Close to two months have now passed since I last sat with Martha, at the edge of the land planted with seeds. It was afternoon and at the time I did not succumb to the call
that came from inside me, tempting me to lay my hand on her and taste the pleasure of love. Instead I was thinking what that would lead to. I would become more attached to her, and she to me,
whereas I was supposed to have severed relations with the superficialities of this world, let alone relations with a woman.

But Martha was not like other women, she was more like a child or an angel. How could I leave her to the embraces of this Roman guard of Greek origin, whose name I did not know? How could he
understand her as I understood her, how could he love her as I loved her? Would she warm to him one day and whisper her songs to him in bed? Martha was not like other women, but if she went to sing
in the inns of Aleppo, amidst the villainous and drunken Arab and Kurdish merchants, she would soon become a fallen woman, embraced and passed around from one itinerant man to another. Martha had
spent years singing there and she had told me nothing of what happened to her in those times, and I had not asked her. Or perhaps her aunt tricked me all along, to make me run off with her and
marry her. How could I marry her, when I had spent my whole life as a monk? The twenty years I had spent in monasteries I would offer as a dowry to a woman in her twenties, and then in ten
years’ time I would be an old man in his fifties and she would be a beautiful woman in her thirties. She would be interested in men, covetous eyes would gaze at her and maybe men would reach
out to touch her. Would I spend the last years of my life protecting and restraining her? Would I end up guarding a woman, after a life of so many changes that I no longer know how exactly to
describe myself? Am I a physician or a monk, consecrated or impenitent, Christian or pagan?

Martha was sitting next to me that day, but all these thoughts made me forget that I was beside her. After a long silence, she touched the back of my hand with the tips of her fingers and broke
my train of thought.

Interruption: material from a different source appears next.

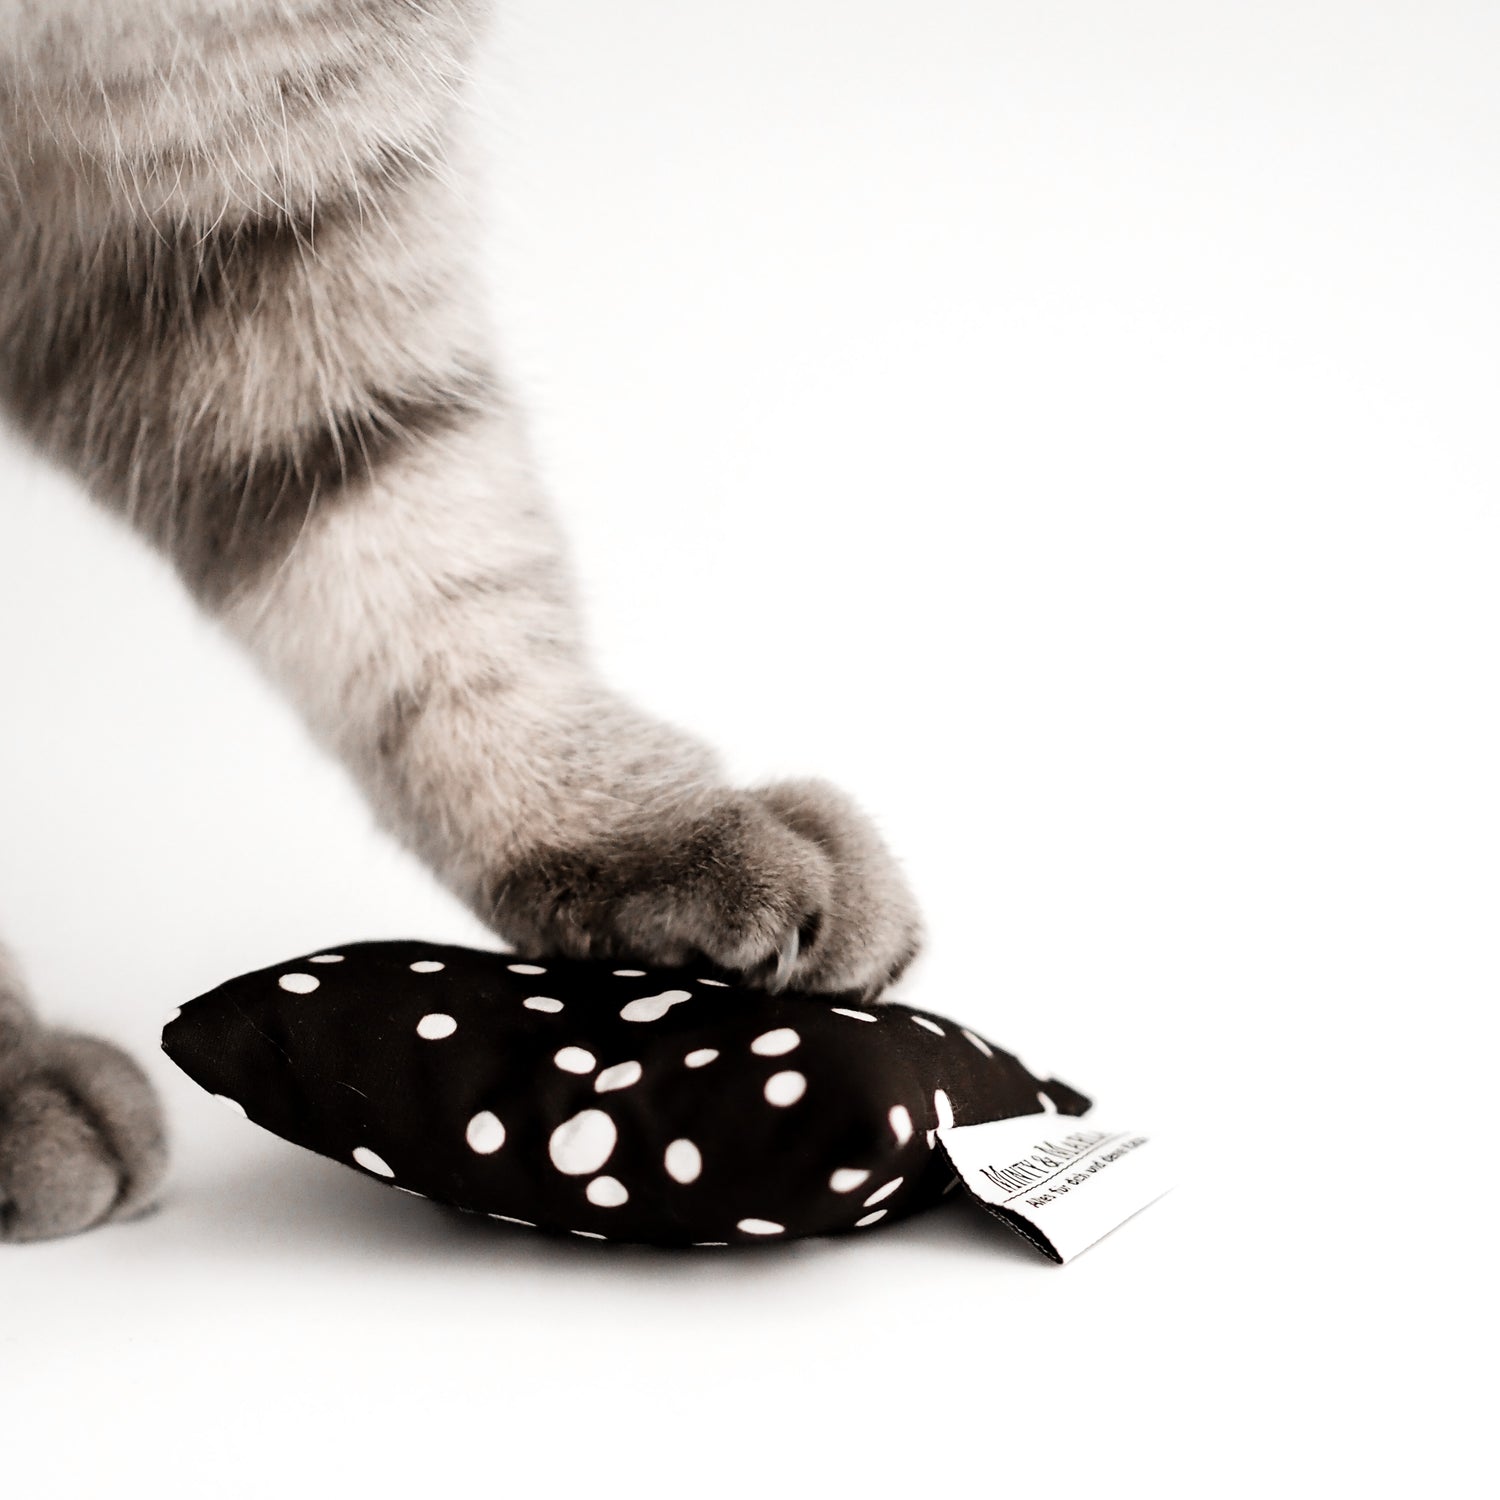 Eine grau getigerte Katze hat ihre Pfote auf einem schwarzen Katzenminzekissen mit weißen Punkten abgestellt.

Speaking with a charming twang, she said, ‘Hypa, take me with you to your home country. Let’s get married and stay there for the rest of our lives.’

‘Is it true what your aunt said, that you plan to sing in Aleppo?’ I asked.

‘She wants that, but I want only you. So let’s leave this place.’

‘How, Martha, how? The people in my country are mostly Christian.’

‘What does that matter to us? We’re also Christian,’ she said.

‘In the religion of Christ we are forbidden to marry.’

‘Forbidden!’

‘Yes, Martha, forbidden. In the Gospel according to Matthew, it says: “Anyone who marries a divorced woman commits adultery.”’

‘Commits adultery? So what did we do in the cottage yesterday? Did we not commit adultery there?’

Martha slipped away from my side, as the soul slips out of an emaciated body weakened by chronic ailments. I did not look towards her as she walked away to the cottage and I did not move from
the spot until Deacon came and summoned me to the abbot’s room. He said the abbot wanted me urgently. My legs were numb and I almost collapsed to the ground when I tried to stand, but I held
on to Deacon’s arm. We walked up to the monastery from the path that passes uphill of the cottage, so that I would not meet Martha’s old aunt. I was exhausted. When I went in to see the
abbot, beads of sweat were streaming from my forehead, running into the folds of my clothing like trickles of rain.

 

SCROLL TWENTY-SEVEN

The Iron Rod

I
went into the abbot’s room through the half-open door and found him deep in prayer. When he had finished he told me he had been praying for
Nestorius. He also said he was going to call on the monastery people and all the Christians living in the area to fast for a week, with constant masses and prayers, starting from that night, to
solicit divine grace on behalf of Christians and to relieve the distress of the great churches. I was surprised at what he said, but then he told me he had heard that Bishop Cyril, the bishop of
Jerusalem and a group of other bishops and priests had decided to convene an ecumenical council the next day, chaired by Cyril, and Nestorius did not plan to attend.